Выбрать главу
Идём во тьме и тишине. Под нами снег хрустит. Холодный месяц на сосне Корабликом стоит.
Кругом — деревья до небес И с каждым ветерком Вздыхает лес, роняет лес Тяжёлый снежный ком.
Спят глухари, медведи спят В снегах, в лесной глуши, И кроме них да нас, ребят, Здесь нет живой души.
Пора и нам домой, в постель. Сильней кружится снег. И поздних путников метель Торопит на ночлег.

Но «Зимний костёр» оказался последней вспышкой догоравшего пламени — оттого столь яркой.
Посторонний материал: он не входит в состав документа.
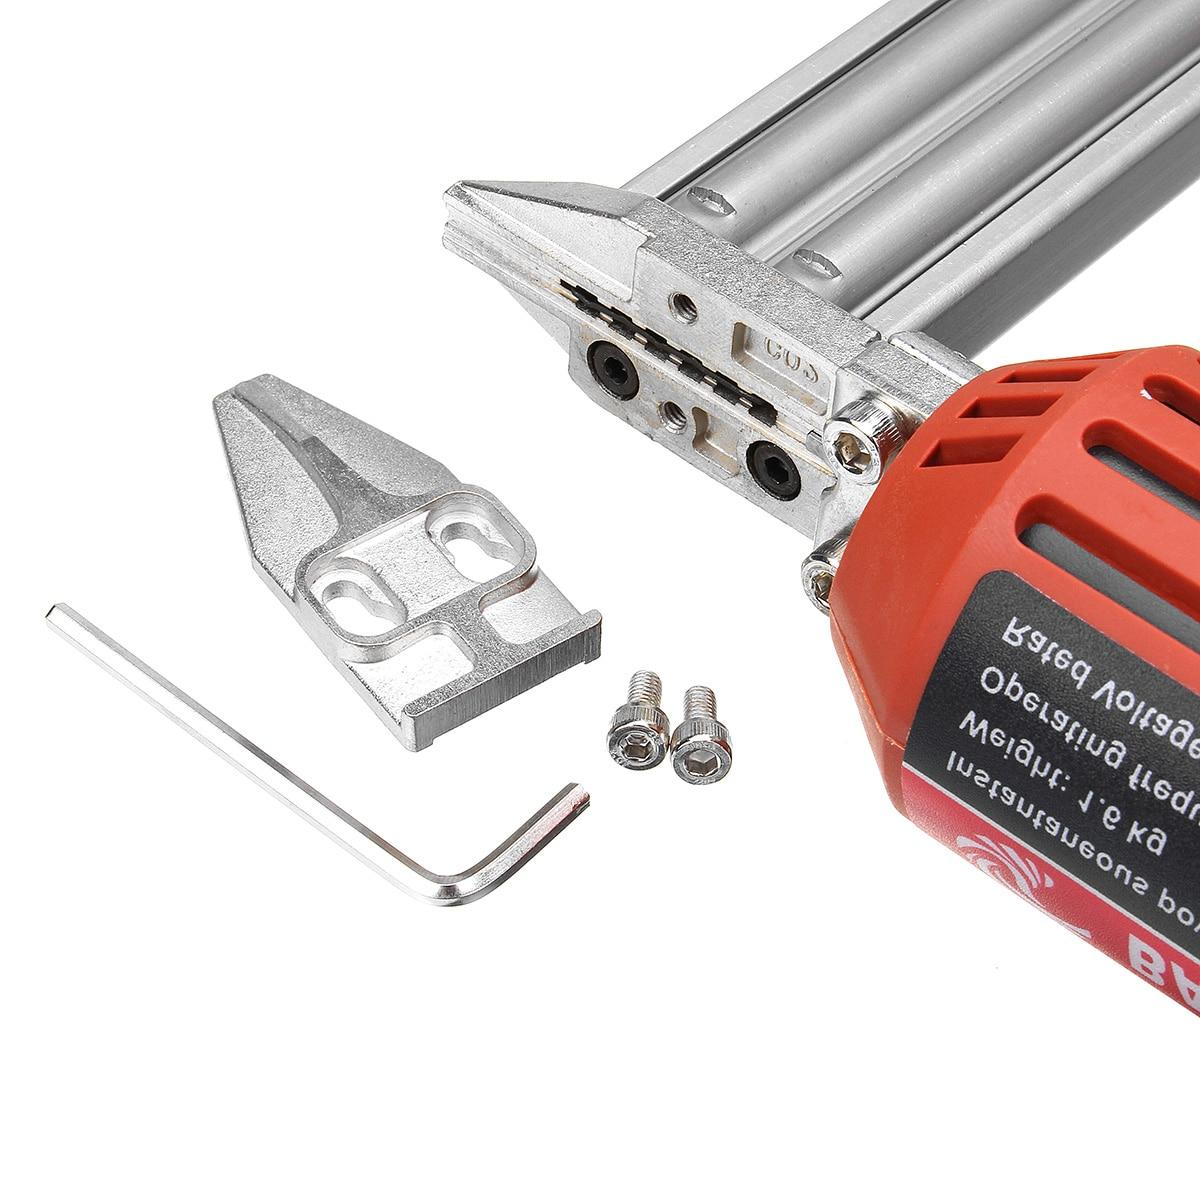 Electric <font><b>Nailer</b></font> 10-30mm 1800W Staple <font><b>Guns</b></font> Tool Weight Portable Speed Rate

Говорить просто, благородно и светло о взрослом мире, доставлявшем ему всё большие мучения, Прокофьев больше уже не мог, а говорить иначе он просто бы не выдержал, да и ему больше не позволили бы.

Примерно в то же время, что и сочинение детской музыки, Прокофьев вернулся к работе над «Воспоминаниями» о собственном детстве. Теперь уже не сам он писал, а по имевшимся под рукой материалам и по сложившемуся в голове повествованию он диктовал текст Мире. Надиктовывать, а не писать от руки Прокофьев начал ещё в 1945 году, но к середине 1946-го работа, в которой совершён был большой рывок, застопорилась. И только несчастья 1948 года заставили композитора возобновить повествование. В новых главах «Воспоминаний» речь шла о консерватории — времени огромных надежд, первых музыкальных побед и свершений.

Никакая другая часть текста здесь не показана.